“Müzakerelerin meşru zemini federasyondur”
Cumhuriyetçi Türk Partisi (CTP), Kıbrıs sorununa çözüm bulmak için yürütülen müzakerelerde meşru zeminin federasyon olduğunu yineledi.
Cumhuriyetçi Türk Partisi (CTP), Kıbrıs sorununa çözüm bulmak için yürütülen müzakerelerde meşru zeminin federasyon olduğunu yineledi.
Açıklamada, “1960 Kıbrıs Cumhuriyeti’nin ortak kurucusu olan Kıbrıs Türk toplumunun siyasi eşitliği, kararlarda etkili katılımı ve güvenliği bir kez daha tartışılabilir olmayacağı, adil ve kalıcı kapsamlı çözümün hangi çerçevede ve şartlarda olabileceği, Birleşmiş Milletler Güvenlik Konseyi’nin ilgili tüm kararlarında siyasi eşitliğe dayalı, iki bölgeli ve iki toplumlu federasyon olarak açıkça belirtilmiştir” ifadeleri kullanıldı.
Açıklamanın tam metni şöyle:
“Cumhurbaşkanı Sayın Tatar bugün Türkiye Cumhuriyeti Dışişleri Bakanı Sayın Mevlut Çavuşoğlu ile bir çalışma toplantısı gerçekleştirmiş ve sonrasında kamuoyuna açıklamada bulunmuştur.
Tatar, Mart ayında gerçekleşmesi beklenen gayri remi 5’li konferansta federasyon zemininde müzakere etmeyeceğini, halkın kendisine verdiği yetkiye dayanarak bundan böyle egemen eşitliğe dayalı iki devletli çözüm modelini masaya koyacağını ve müzakere edebileceğini tekrarlamıştır.

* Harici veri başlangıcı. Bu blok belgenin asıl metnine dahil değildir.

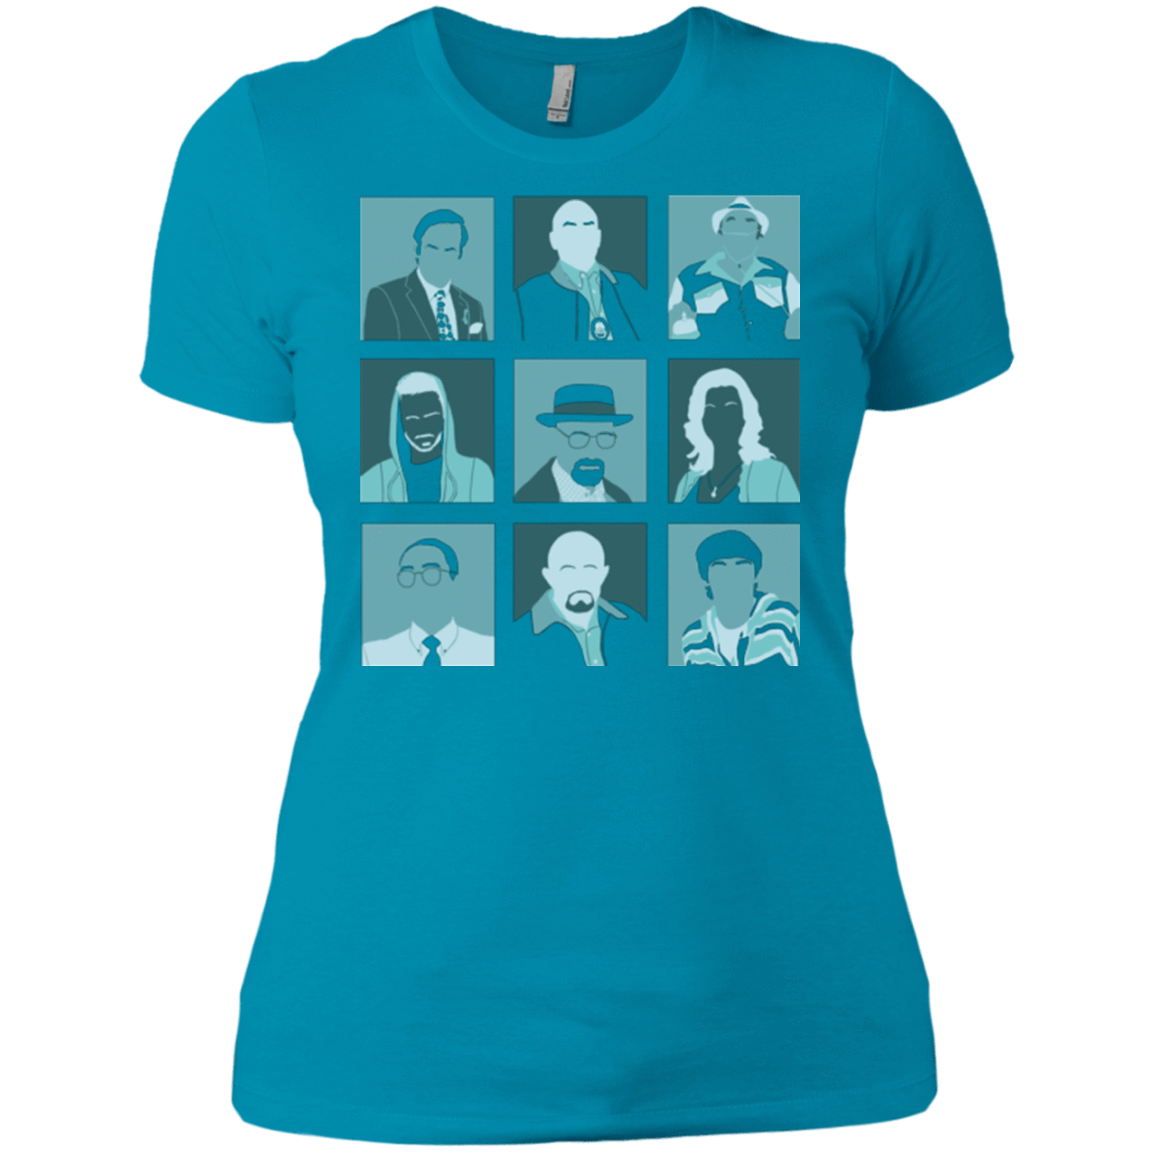 T-Shirts Turquoise / X-Small Breaking Pop Women's Premium T-Shirt

Ayrıca, Rum liderin de bunu benimsemesi halinde, ilgili BM Güvenlik Konseyi kararlarının değişebileceğini ifade etmiştir. Kıbrıs’ta zaten iki egemen devlet olduğunu ve çözüm olacaksa KKTC’nin varlığı ve egemen eşitliği temelinde olabileceği ifadelerinde bulunmuştur.

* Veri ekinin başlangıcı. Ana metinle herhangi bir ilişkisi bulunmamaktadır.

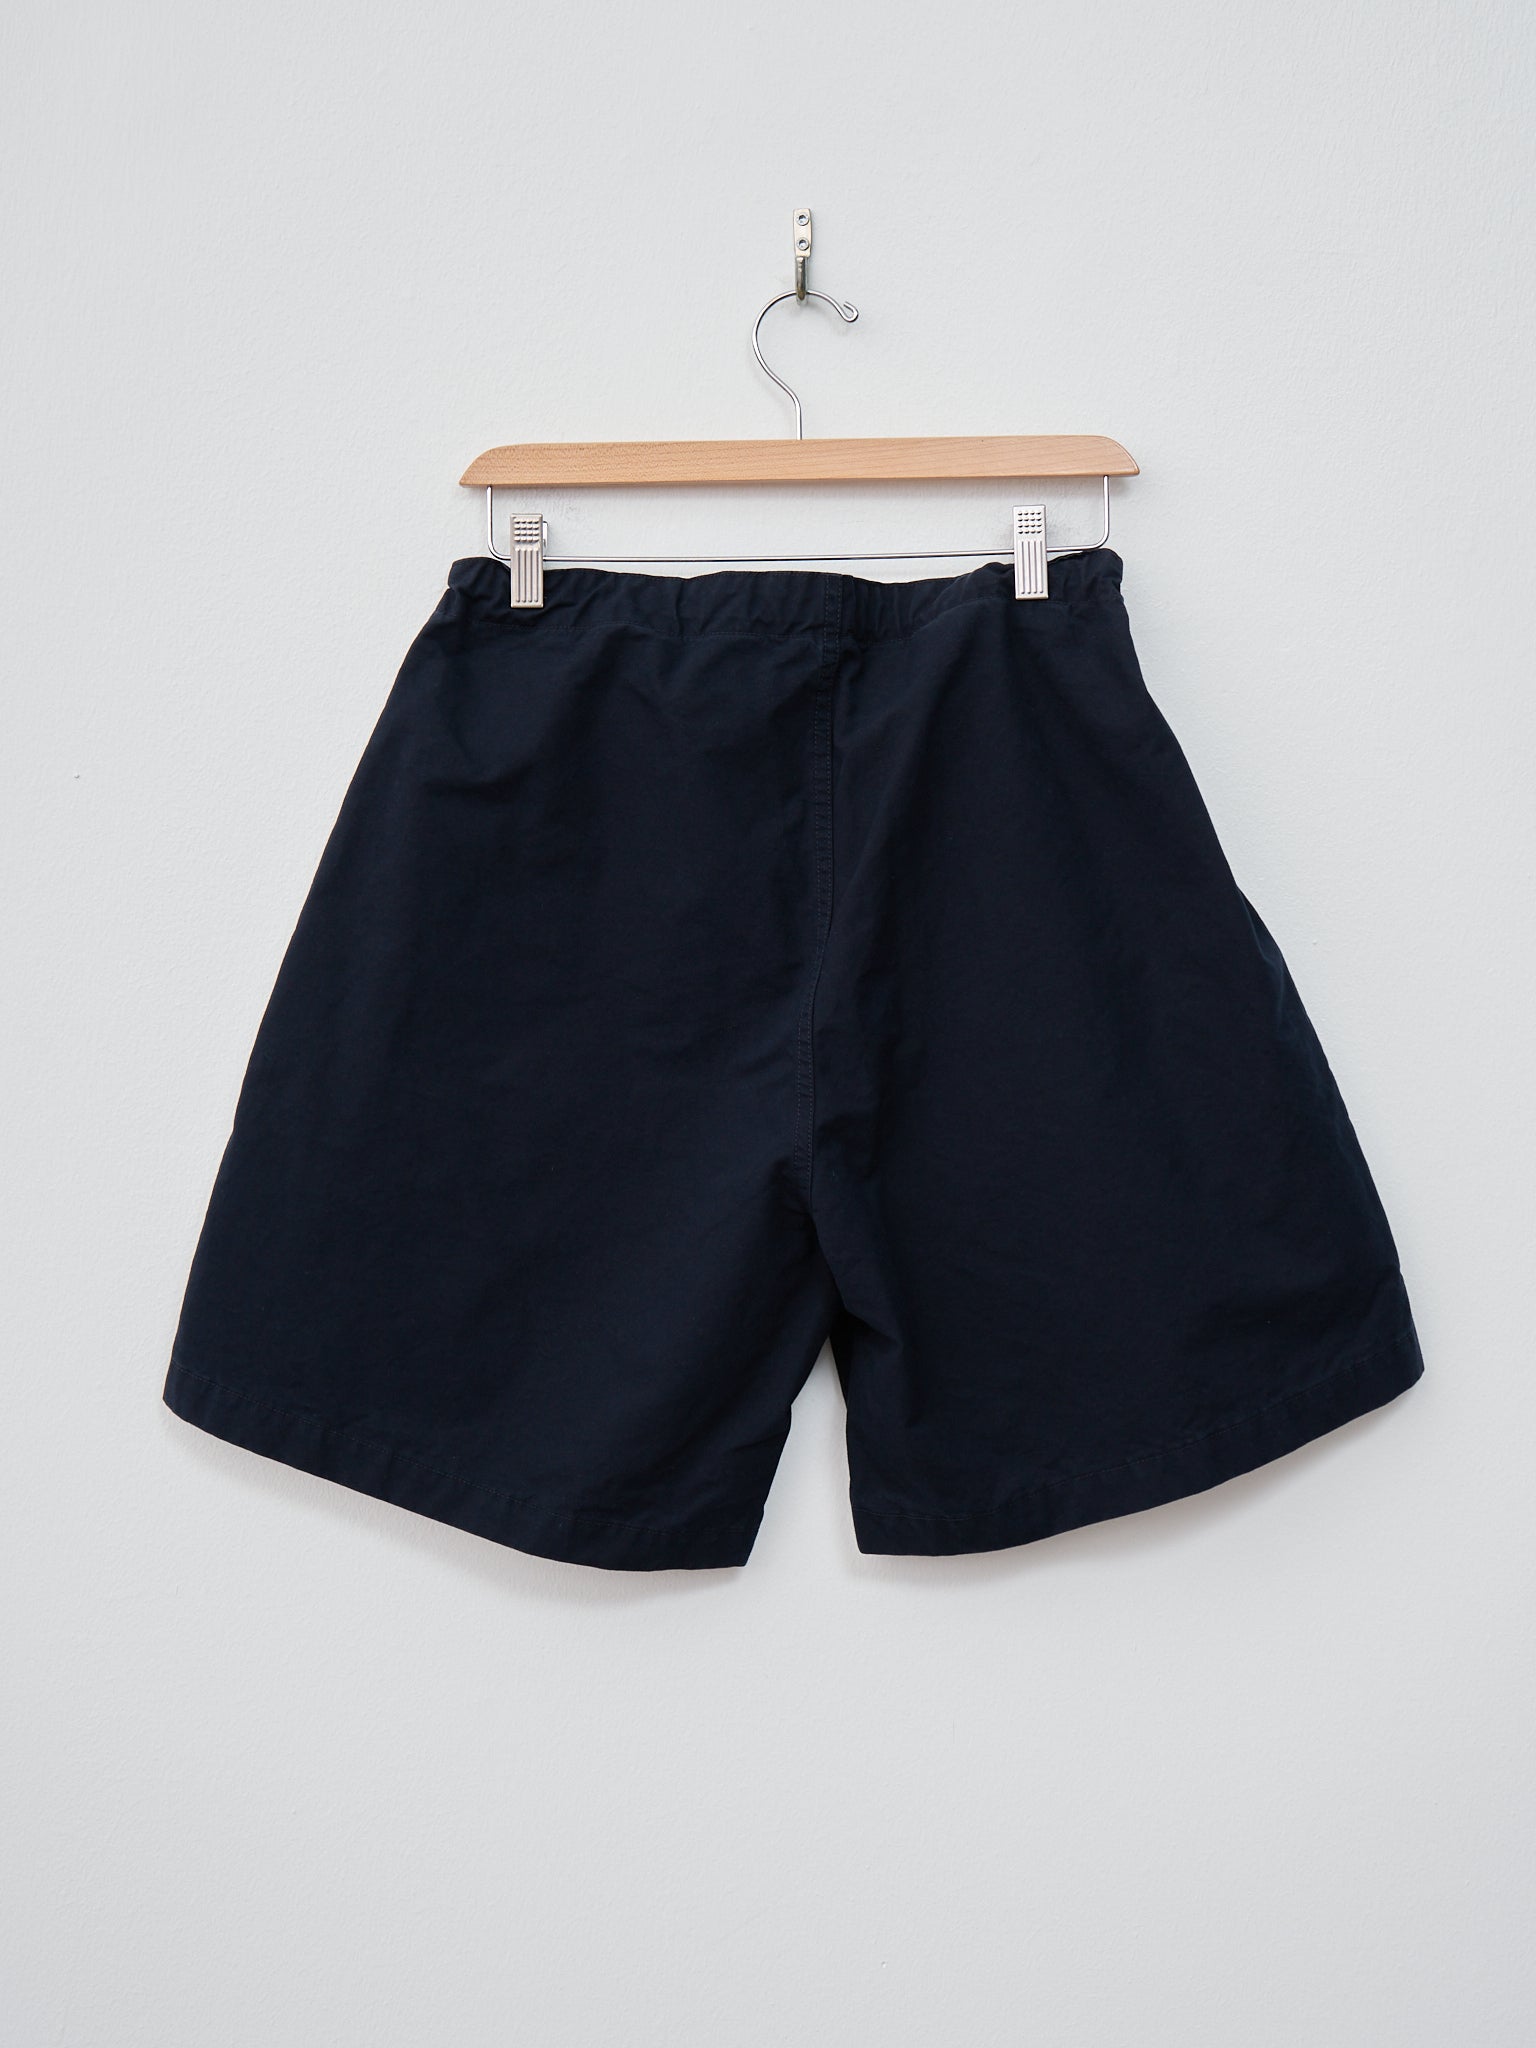 Namu Shop - Hatski British Army Short Trousers - Navy

1960 Kıbrıs Cumhuriyeti’nin ortak kurucusu olan Kıbrıs Türk toplumunun siyasi eşitliği, kararlarda etkili katılımı ve güvenliği bir kez daha tartışılabilir olmayacağı, adil ve kalıcı kapsamlı çözümün hangi çerçevede ve şartlarda olabileceği, Birleşmiş Milletler Güvenlik Konseyi’nin ilgili tüm kararlarında siyasi eşitliğe dayalı, iki bölgeli ve iki toplumlu federasyon olarak açıkça belirtilmiştir.
Ayrıca, Kıbrıslı Türklerin aidiyetini, kültürünü ve adanın tümü üzerindeki haklarını gözetebilecek yegane çözüm modelinin federasyon olduğu da aşikardır.
Bu kararlar geçerli olduğu müddetçe ne Birleşmiş Milletler üyeleri, ne BM Güvenlik Konseyi’nin 5 daimi temsilcisi ülkeler, ne de Kıbrıs’ın tam teşekküllü üyesi olduğu Avrupa Birliği, federal çözüm dışındaki bir alternatifi kabul etmeyeceklerdir.
Bilinmelidir ki yıllardan bu yana yürütülen müzakerelerde meşru zemin BM Güvenlik Konseyi’nin ilgili kararları ve parametreleridir. Bu zemini terk etmek, 11 Şubat 2014 ortak metni, Crans-Montana itibarıyla varılan tüm yakınlaşmaları ve BM Genel Sekreteri’nin 30 Haziran 2017 tarihli 6 maddelik belgesini yok hükmünde saymak, Kıbrıs Türk tarafının bugüne kadar BM nezdinde ortaya koyduğu ve federal çözüm bağlamında elde ettiği tüm kazanımları ve psikolojik üstünlüğü bertaraf etmek, Kıbrıs Türk halkının yüzde 65 gibi bir çoğunluğunun 2004 Annan Planı referandumunda ortaya koyduğu ve hala baki olan federal çözüm isteğine saygısızlık anlamına da gelmektedir.
Bu politika, BM Genel Sekreteri’nin çözüm sürecindeki çıkmazın aşılmasına yönelik ortak zemin arayışını engelleyeceği gibi, Kıbrıs sorununun çekirdek konumunda olduğu Doğu Akdeniz’de acilen ihtiyaç duyulan barış, güvenlik ve bölgesel işbirliği çabalarını da olumsuz etkileyeceği kesindir. Kıbrıs Türk halkı tüm bunlardan sorumlu tutulacak taraf olmaya layık değildir.”